From Down Under to the folk fest
Coming from the left, Australian folk band the Rosie Burgess Trio will play this year’s Canmore Folk Music Festival at Centennial Park (Aug. 4-6).
“I haven’t been that far over to the right,” said Burgess, speaking from Melbourne. “It’s a bit of a first.
“We’ve done a little bit, mostly around Vancouver and Toronto, so we haven’t really gotten past the edges.”
The trio was spotted by festival organizers at another event earlier this year.
“We went to Memphis earlier this year to play at the Folk Alliance and quite a lot of Canadian festivals were lurking about, and Canmore was one of the good ones,” she said. “We were very excited when they offered us a spot.
“We love going someplace we’ve never been before, and the festival’s got a really awesome reputation. I’m just really excited about it.
“It’ll be great to hear all the rest of the music and the Canadian music scene’s got a really good reputation and I’m excited to come to one of your festivals.”
The trio’s music is a real mix, said Burgess.
“We’re Australian roots music – there’s a real sound that’s a mixture of folk and roots and blues and acoustic stuff,” she explained. “It’s got an Australian sound to it, and we’re all about the harmonies and well-paced melodies, and we love to all sing together, but with a less traditional style. It’s got that modern folk rock style.”
While Burgess begins the writing for most of the music, the band then collaborates to create the finished product.
“I mostly write all the music, and then we get together and we play and all arrange stuff,” she said. “They’re quite vocal about where they think things should go and what they should sound like and in that way it’s a bit of a collaboration between us. But I generally come with the bones of a song and say ‘here it is’ and they get to work.”
The songs tend to be about emotions, explained Burgess.
“In general, I sing about little emotional moments that flare up in me and create a song. Sometimes, songwriting gives me perspective on my life,” she said. “I might be feeling a particular emotion about something – happiness or love – and I use the songwriting to give me some kind of broader perspective.
“I love storytelling songs, but I’ve never been particularly good at writing them. I think there’s an element of that that creeps into my music. I like to feel each song has its own little story.”
The band’s newest album, Before I Set Sail, was released in March.
“I’m really excited about this album, it’s a collection of songs that I’ve written over the last year,” said Burgess. “We went into the studio and it all popped out really quickly. It’s got a sound that really reflects how we sound when we play together live – it’s a studio album, but it sounds like us.
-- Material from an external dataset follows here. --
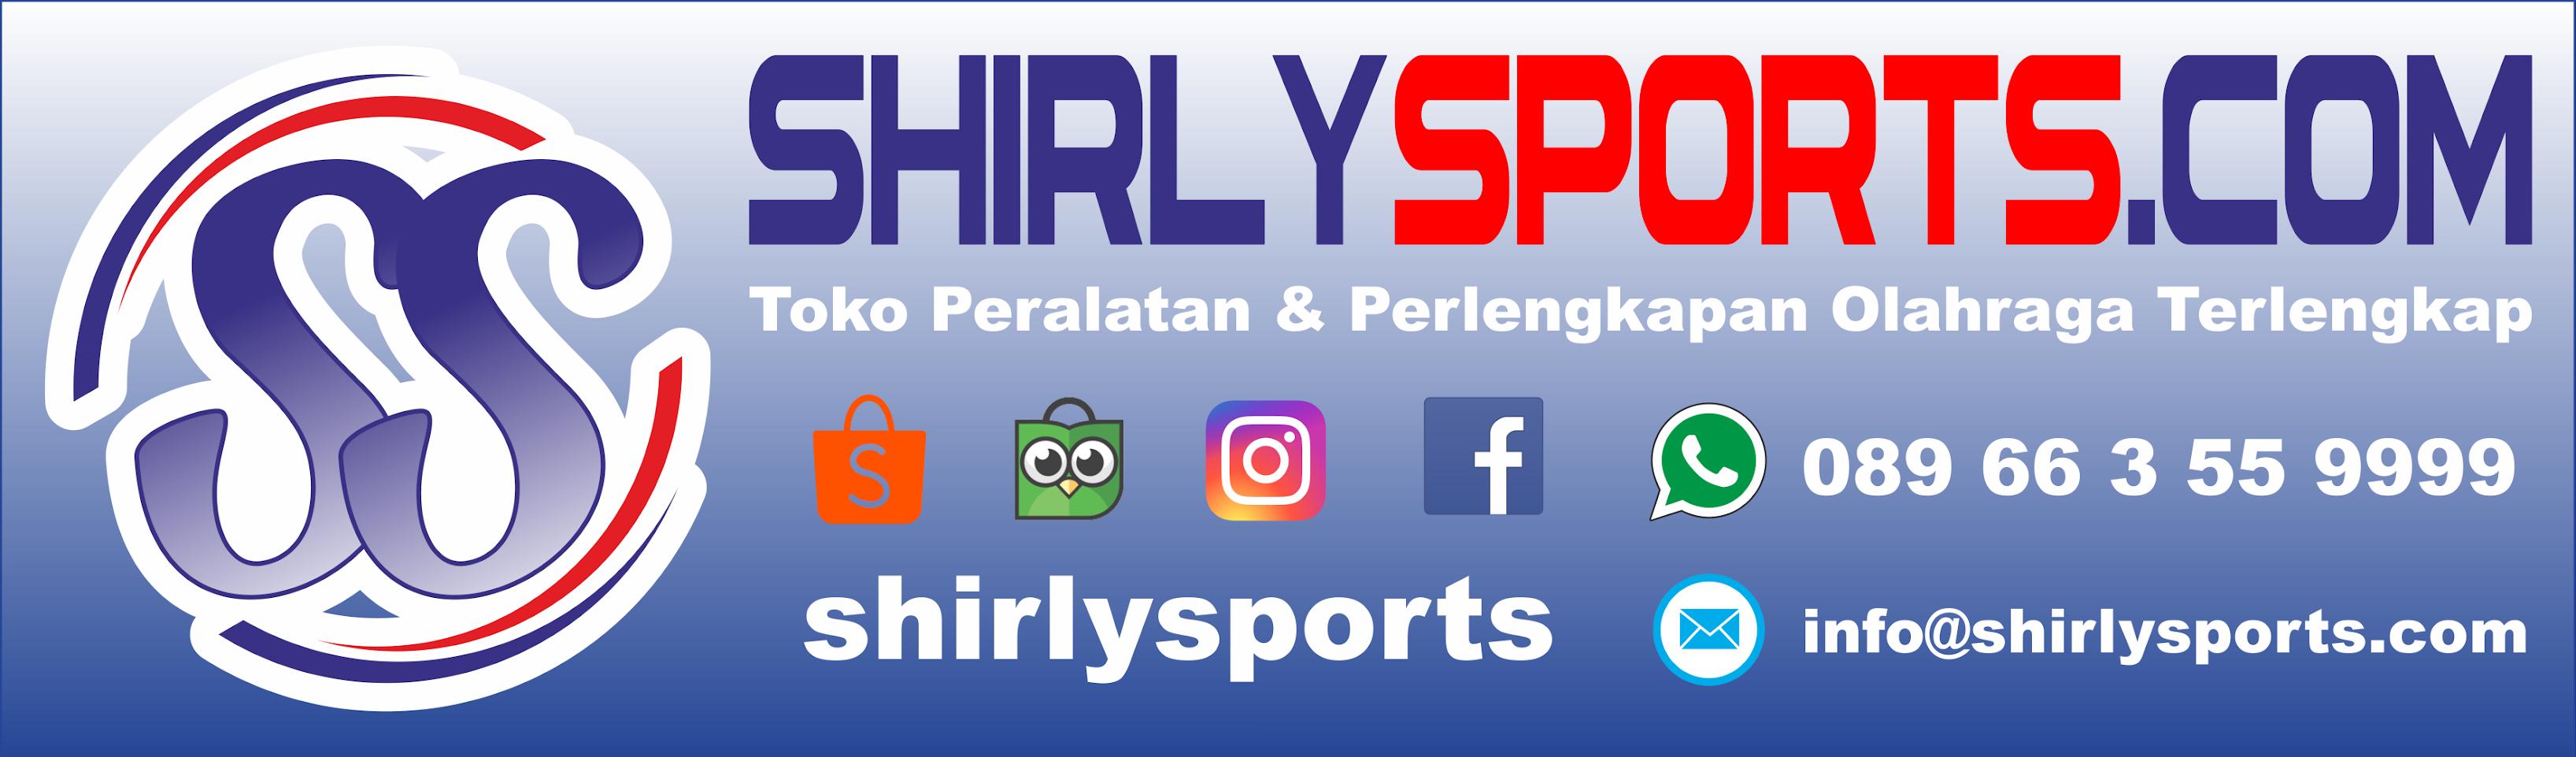 ShirlySports

“I’ve made albums in the past where it doesn’t translate so well, where the live show doesn’t match the album, and for me I was really excited to make an album that sounded like us.”
Burgess’ bandmates are Sam Lohs and Tim Bennett.
“Sam plays the drums, but it’s not a traditional drum kit, she’s got a stomp box that we made ourselves and a bunch of cymbals and a snare,” said Burgess. “Tim plays electric bass, and I think he’s definitely the best I’ve ever seen in my life. He’s got a very unique style – he’s a left hander – and he’s all over it like you wouldn’t believe.
“We get along very well, we share similar values, and we travel well together, so it’s a great mix.”
When it comes to folk music, the genre is music of the people, she said.
“The idea of what folk music is has changed a lot,” said Burgess. “One thing I’ve certainly seen is folk festivals are putting on a much broader range of music – it’s not just traditional fiddles and guitars – those instruments are still there, but there’s a lot of interpretation.
“Folk music just means music of the people, where you’ll see anything from hip-hop to traditional folk music, because it’s about what the people are playing right now.
“It’s a general feeling, where you’re getting a sense of a life and a story and a people. We stretch the borders on traditional folk music, but we fit well.”
In addition to playing Canmore, the Rosie Burgess Trio will participate in several U.S. festivals this summer. To find out more, visit rosieburgess.com
The trio play the festival Sunday (Aug. 5) and will share the stage with Ray Bonneville and Gurf Morlix, Mike Farris, George Kahumoku Jr., Ian Tyson and Elage Diouf.